Hi,

At Fri, 9 Nov 2007 16:08:02 +0900,
David Flanagan wrote in [ruby-core:13326]:
> >> Q1) In step 1 above, should the default primary encoding come from the 
> >> locale environment variables (LC_ALL, LC_CTYPE, and LANG) instead of 
> >> defaulting to ASCII?
> > 
> > It's planned, but we have no mappings from locale name to
> > encoding name.  Attached is a quick hack I tried the week
> > before last.
> 
> Did you consider nl_langinfo(CODESET)?

It needs setlocale() to be called before it, which sets global
state.

> Your code looks good to me, 
> except that you don't check LC_CTYPE.  Is it your intent to be 
> conservative and assume ASCII unless the locale explicitly specifies an 
> encoding name following a .?  You're not going to choose either EUC-JP 
> or SJIS as the default for Japanese locales?

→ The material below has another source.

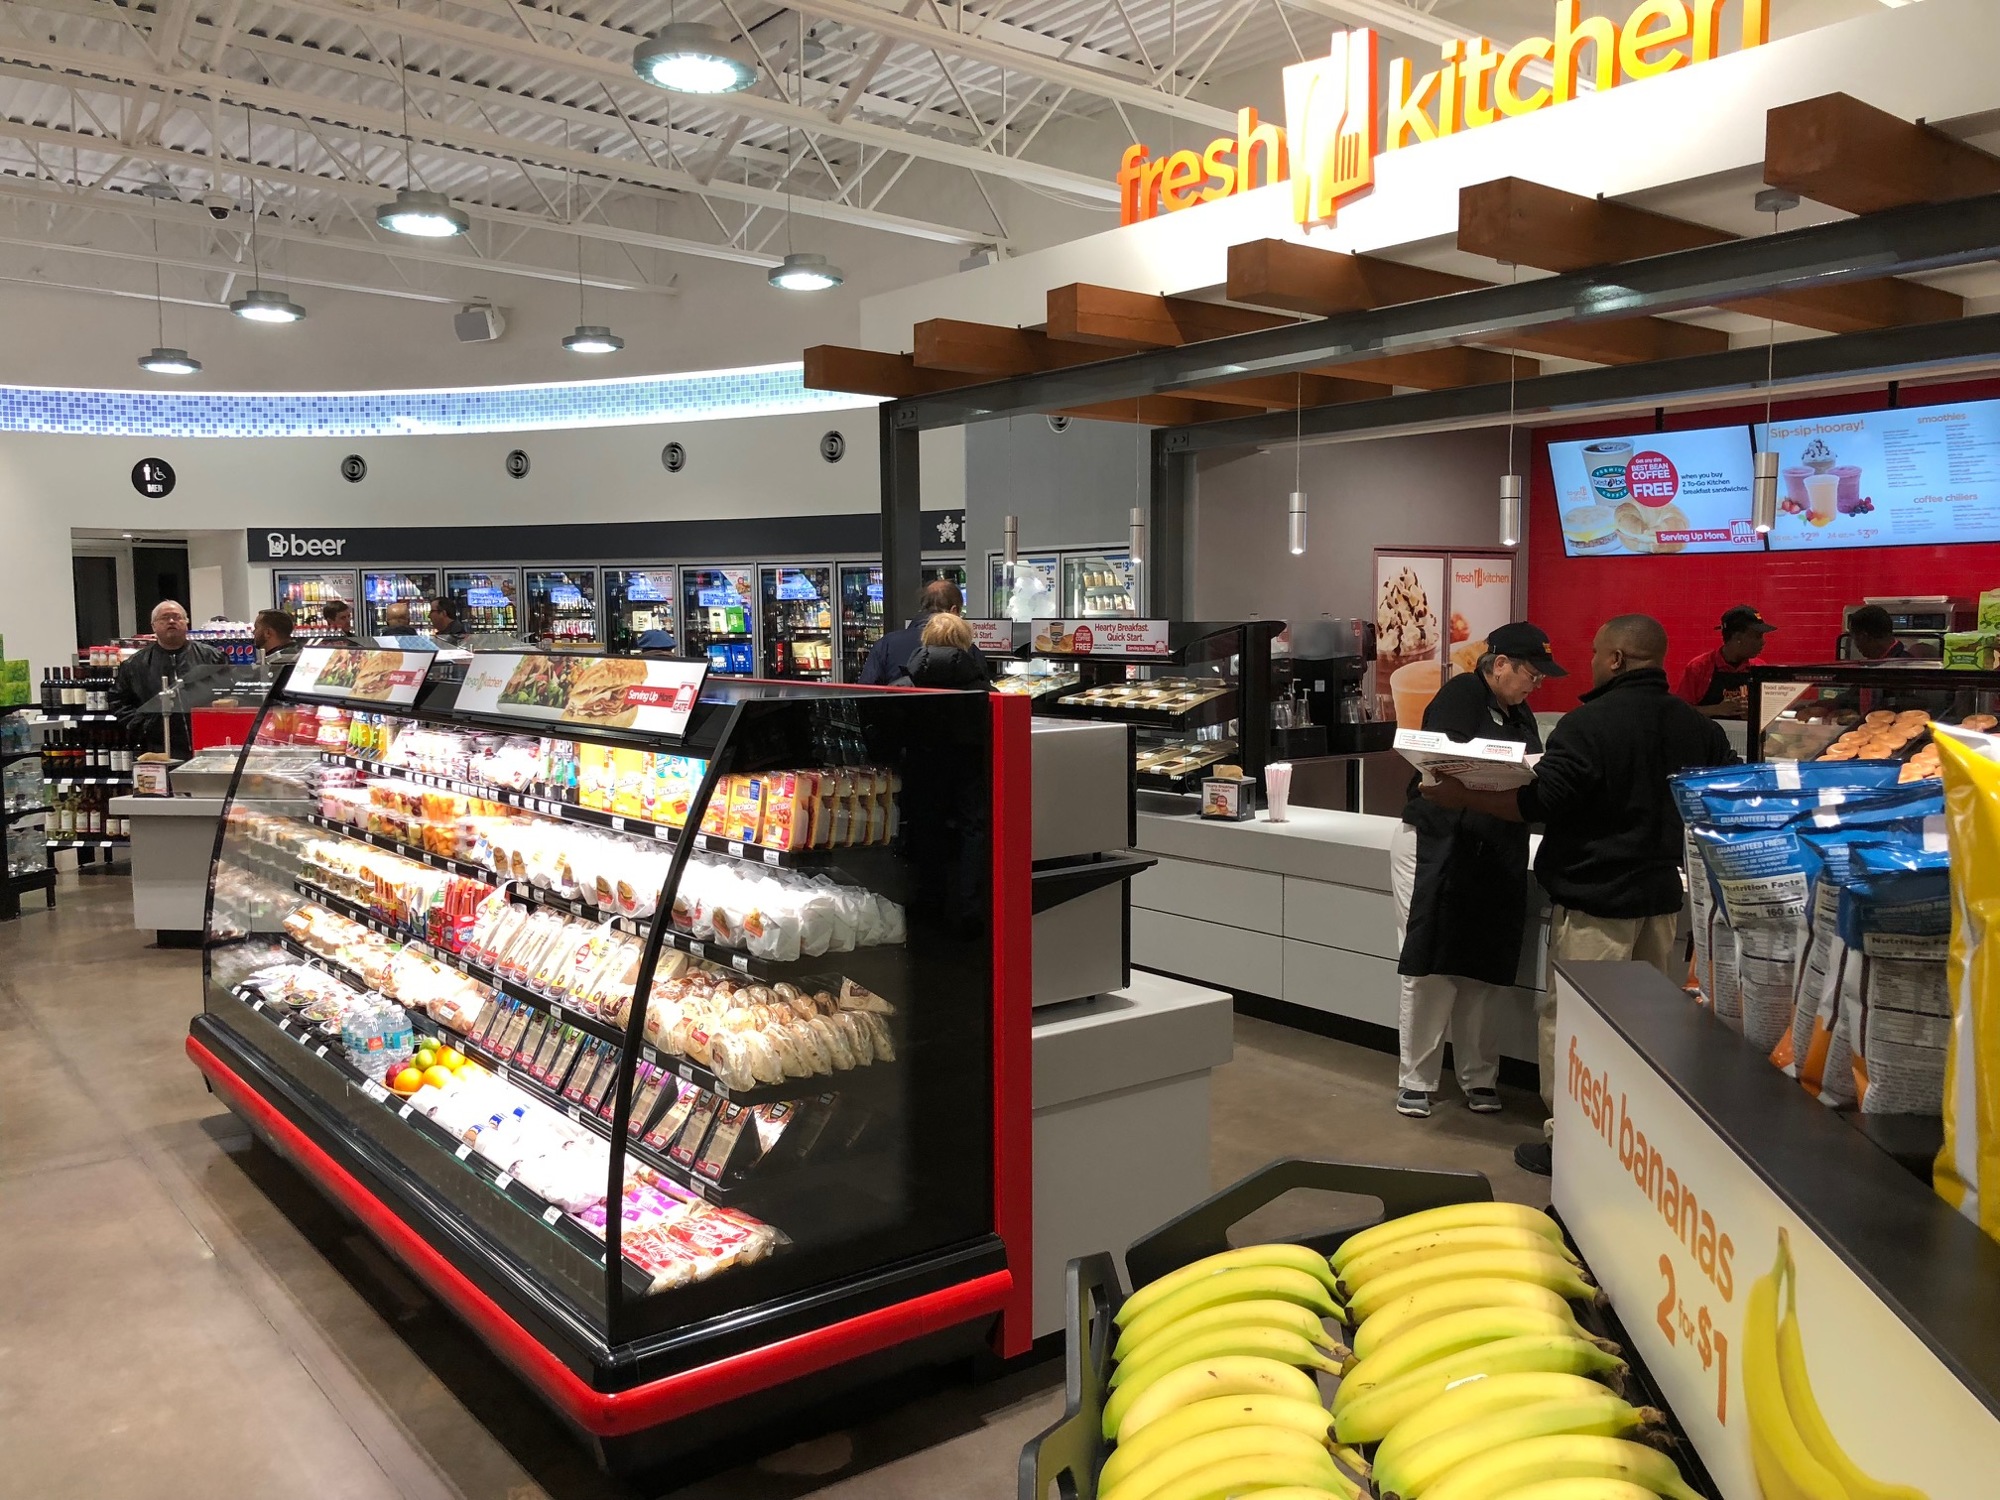 The store features Gate’s Fresh Kitchen fast-casual café, Yobe frozen yogurt and Best Bean Coffee.  (Photo by Karen Bune Mathis)

Forgotten, thank you.  I changed locale_encoding() as
following.


static rb_encoding * locale_encoding(void) { static const char *const langs[] = {"LC_ALL", "LC_CTYPE", "LANG",}; const char *lang, *at; int i, len, idx = 0; char buf[32]; rb_encoding *enc; for (i = 0; i < sizeof(langs) / sizeof(langs[0]); ++i) { if (!(lang = getenv(langs[i]))) continue; if (!(lang = strchr(lang, '.'))) continue; at = strchr(++lang, '@'); if ((len = (at ? at - lang : strlen(lang))) >= sizeof(buf) - 1) continue; MEMCPY(buf, lang, char, len); buf[len] = 0; idx = rb_enc_find_index(buf); if (idx < 0 && len > 3 && (strncasecmp(buf, "euc", 3) == 0 || strncasecmp(buf, "utf", 3) == 0) && buf[3]) { MEMMOVE(buf + 4, buf + 3, char, len - 2); buf[3] = '-'; idx = rb_enc_find_index(buf); } enc = rb_enc_from_index(idx); if (enc) return enc; } return rb_enc_default(); }
-- Nobu Nakada